LivePerson provides online engagement solutions offering a cloud-based platform which enables businesses to proactively connect with consumers through chat, voice and content delivery, across multiple channels and screens, including websites, social media, tablets and mobile devices. The Company’s engagements are driven by insights derived from a broad set of consumer and business data, including historical, behavioral, operational, and third party data. Each engagement is based on proprietary analytics and a real-time understanding of consumer needs and business objectives. The Company’s products, coupled with its domain knowledge and industry expertise, have been proven to maximize the effectiveness of the online channel — by increasing sales, as well as consumer satisfaction and loyalty ratings for its customers, while also enabling its customers to reduce consumer service costs.
LivePerson monitors and analyzes valuable online consumer behavioral data on behalf of its customers. Spanning the breadth of an online visitor session, starting from an initial keyword search through actions on their customer’s website, and even into a shopping cart and an executed sale, this data enables the Company to develop unique insights into consumer behavior during specific transactions within a customer’s user base.

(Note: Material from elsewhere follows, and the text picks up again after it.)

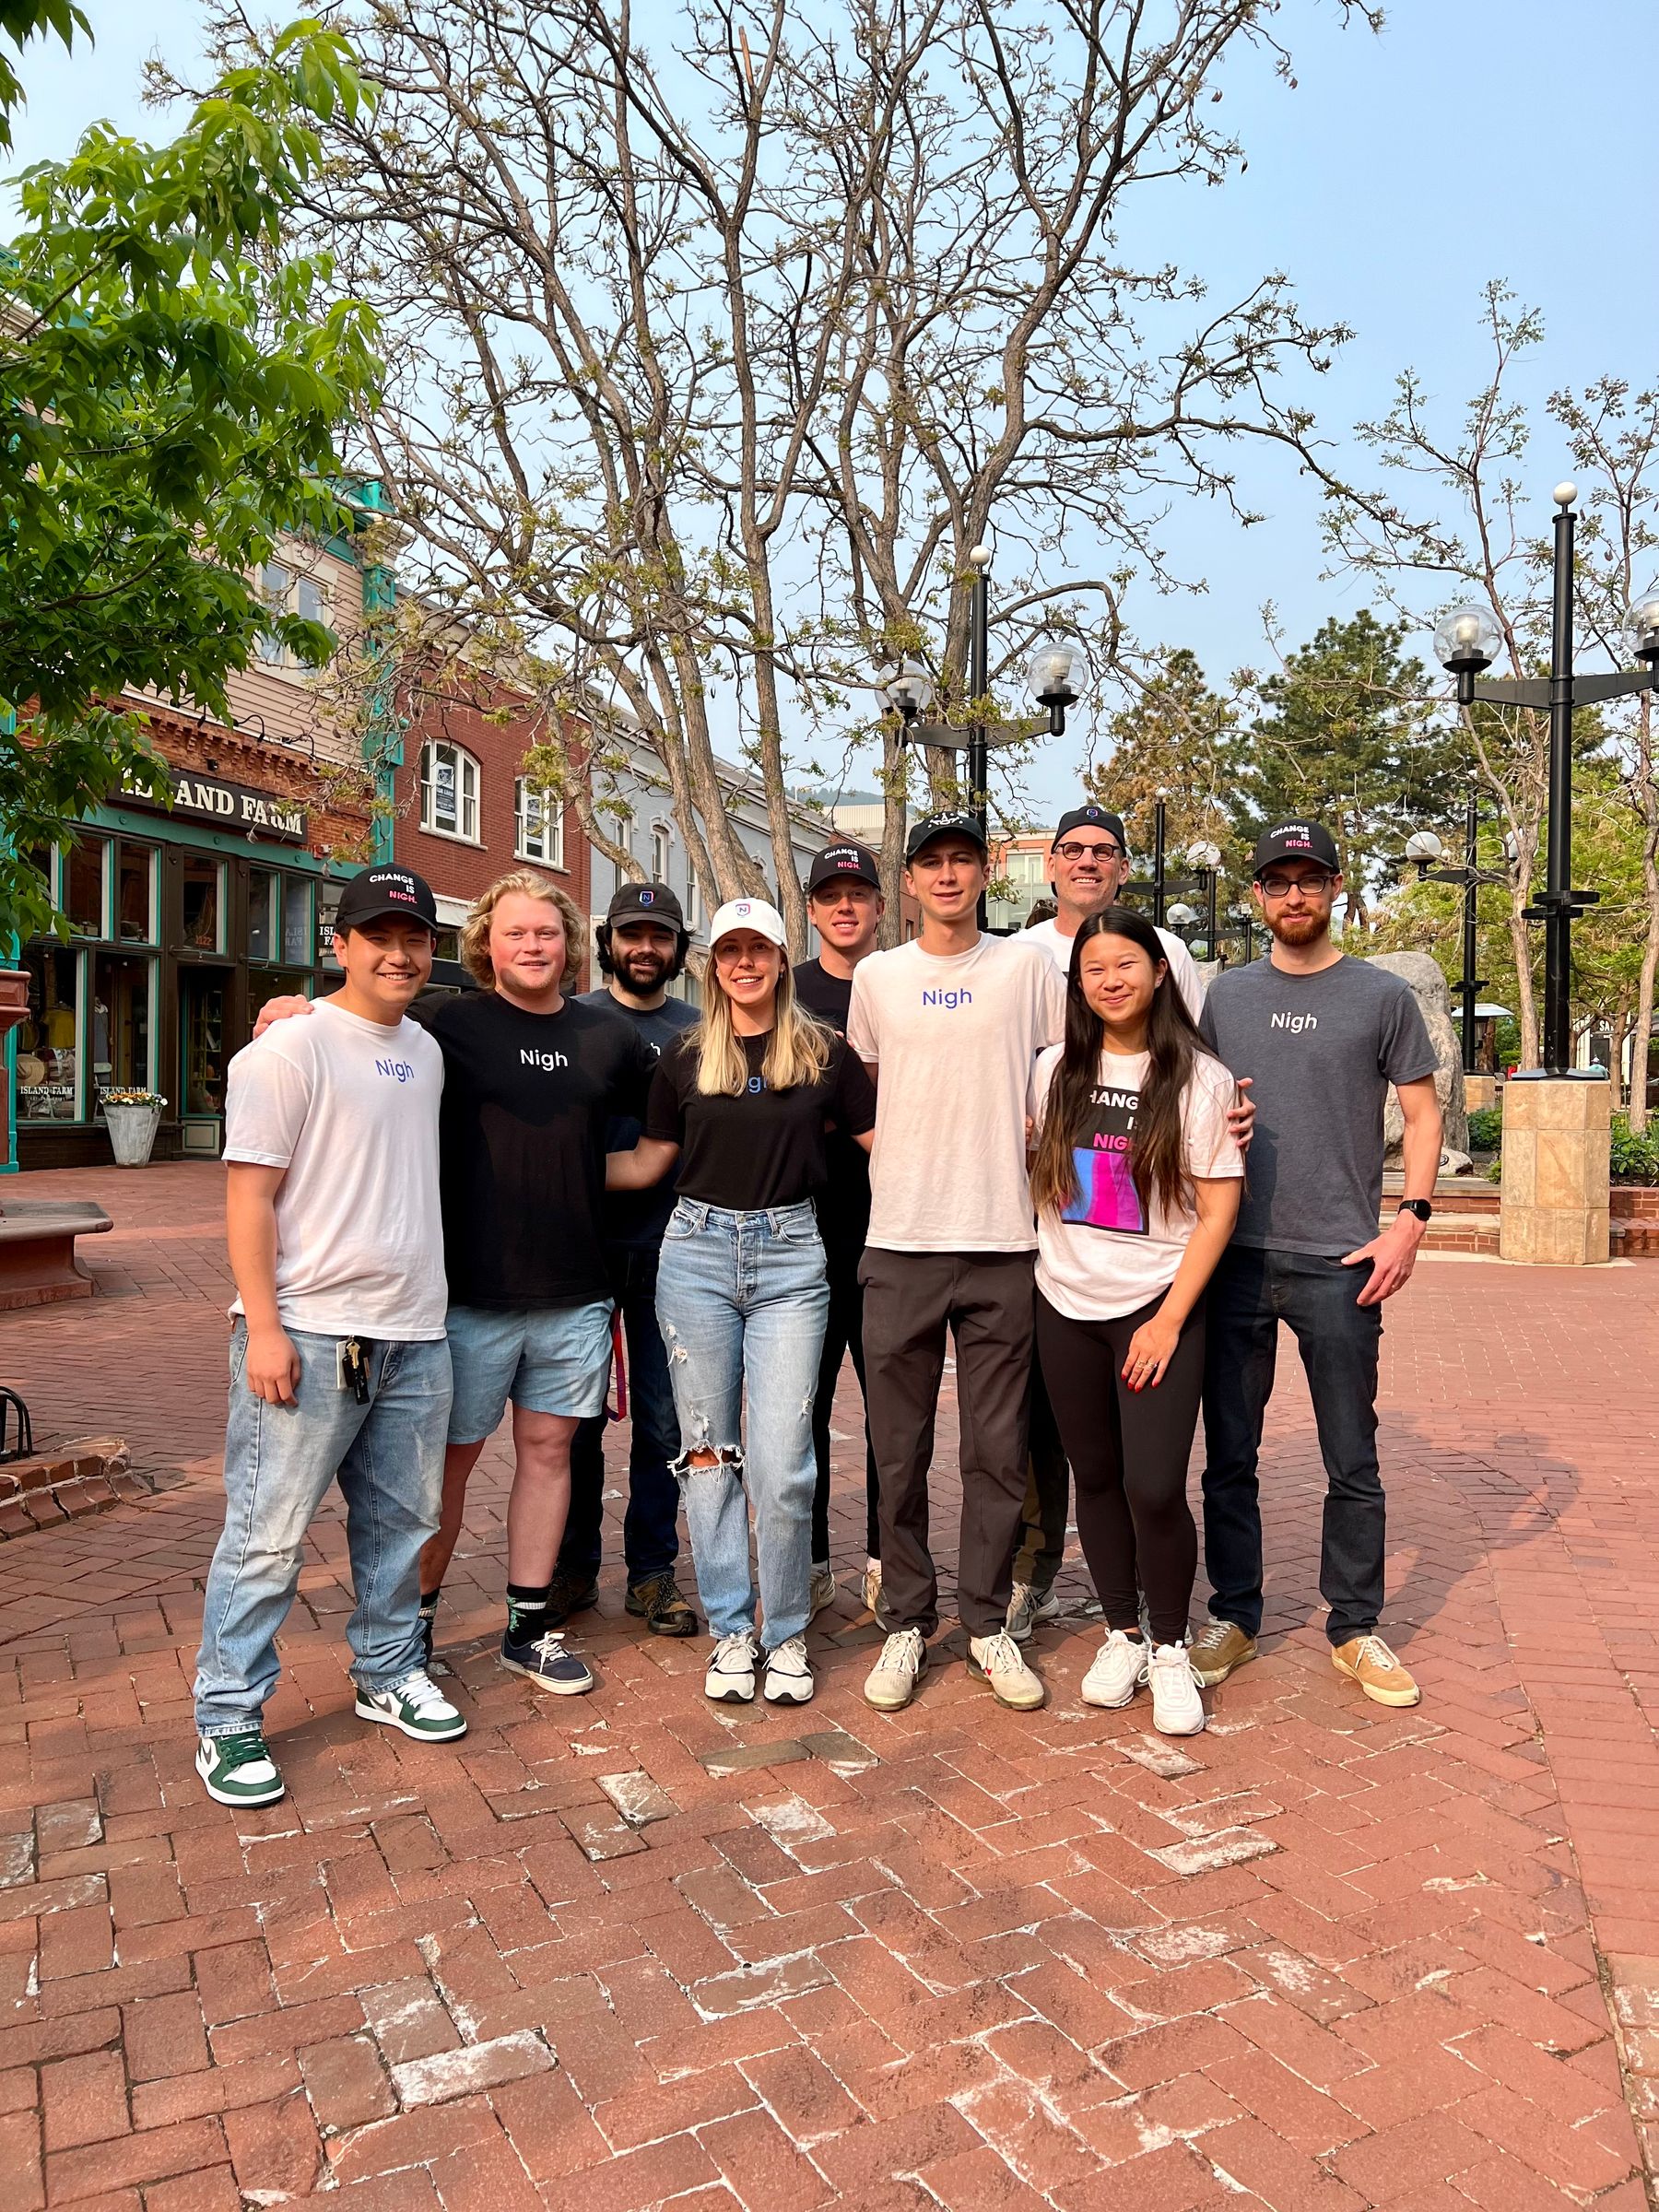 Photo of the Nigh team on Pearl Street

The Company’s primary revenue source is from the sale of LivePerson services to businesses of all sizes. The Company also offers an online marketplace that connects independent service providers (“Experts”) who provide information and knowledge for a fee via real-time chat with individual consumers (“Users”).
Basis of Presentation
The accompanying condensed consolidated financial statements as of June 30, 2014 and for the three and six months ended June 30, 2014 and 2013 are unaudited. In the opinion of management, the unaudited condensed consolidated financial statements have been prepared on the same basis as the annual financial statements and reflect all adjustments, which include only normal recurring adjustments, necessary to present fairly the consolidated financial position of LivePerson as of June 30, 2014, and the consolidated results of operations, comprehensive loss and cash flows for the interim periods ended June 30, 2014 and 2013. The financial data and other information disclosed in these notes to the condensed consolidated financial statements related to these periods are unaudited. The results of operations for any interim period are not necessarily indicative of the results of operations for any other future interim period or for a full fiscal year. The condensed consolidated balance sheet at December 31, 2013 has been derived from audited consolidated financial statements at that date.

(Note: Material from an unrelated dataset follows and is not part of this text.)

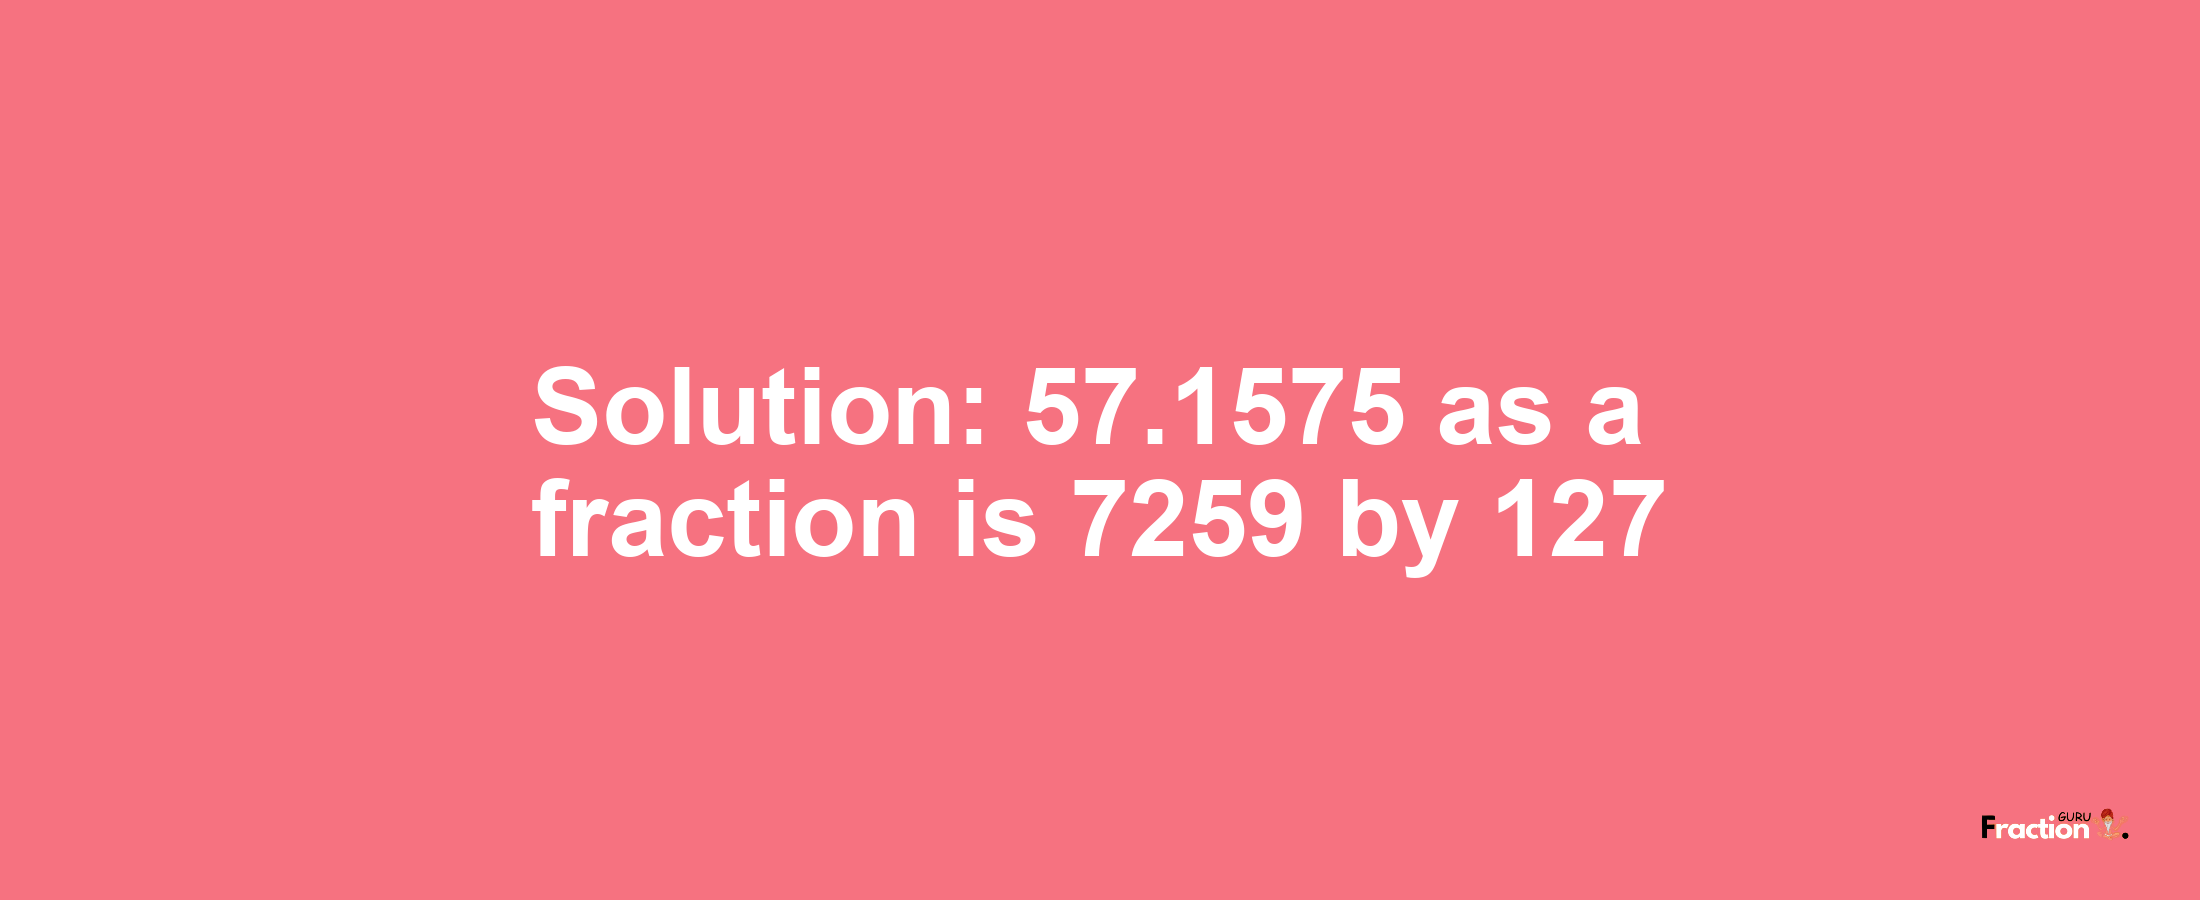 Solution:57.1575 as a fraction is 7259/127

Certain information and note disclosures normally included in financial statements prepared in accordance with generally accepted accounting principles in the United States (“GAAP”) have been condensed or omitted pursuant to the rules and regulations of the Securities and Exchange Commission (the “SEC”). These unaudited interim condensed consolidated financial statements should be read in conjunction with the Company’s audited consolidated financial statements and notes thereto for the year ended December 31, 2013, included in the Company’s Annual Report on Form 10-K filed with the SEC on March 14, 2014.
Reclassification
For comparability, certain 2013 amounts have been reclassified where appropriate, to conform to the financial presentation in 2014.

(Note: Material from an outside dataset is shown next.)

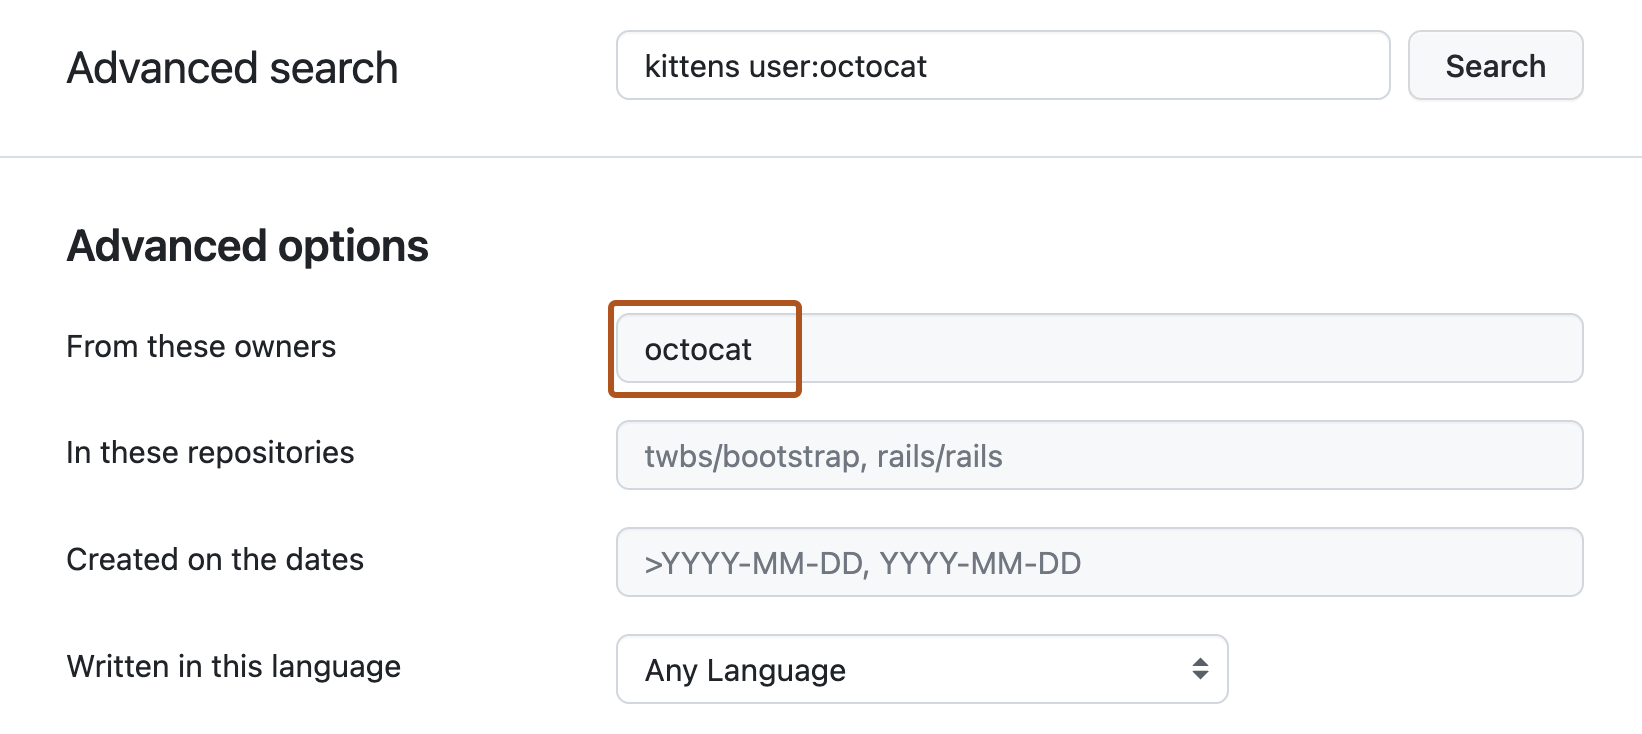 Advanced Search page. Top search bar holds "kittens user:octocat" query. Under "Advanced options", "From these owners" text box holds term "octocat".

Principles of Consolidation
The condensed consolidated financial statements include the Company and its wholly-owned subsidiaries. All intercompany balances and transactions have been eliminated.
Use of Estimates
The preparation of the Company’s condensed consolidated financial statements in conformity with GAAP requires management to make estimates and assumptions that affect the reported amounts of assets and liabilities and disclosure of contingent assets and liabilities at the date of the condensed consolidated financial statements and the reported amounts of income and expenses during the reporting period. These estimates are based on information available as of the date of the condensed consolidated financial statements; therefore, actual results could differ from management’s estimates.
Recently Issued Accounting Standards
In May 2014, the Financial Accounting Standards Board (“FASB”) issued Accounting Standards Update No. 2014-09, Revenue from Contracts with Customers (ASU 2014-09), which supersedes most existing revenue recognition guidance under U.S. GAAP. The core principle of ASU 2014-09 is to recognize revenues when promised goods or services are transferred to customers in an amount that reflects the consideration to which an entity expects to be entitled for those goods or services. ASU 2014-09 defines a five step process to achieve this core principle and, in doing so, more judgment and estimates may be required within the revenue recognition process than are required under existing U.S. GAAP.
The standard is effective for annual periods beginning after December 15, 2016, and interim periods therein, using either of the following transition methods: (i) a full retrospective approach reflecting the application of the standard in each prior reporting period with the option to elect certain practical expedients, or (ii) a retrospective approach with the cumulative effect of initially adopting ASU 2014-09 recognized at the date of adoption (which includes additional footnote disclosures). The Company is currently evaluating the impact of the Company’s pending adoption of ASU 2014-09 on our consolidated financial statements and have not yet determined the method by which we will adopt the standard in 2017.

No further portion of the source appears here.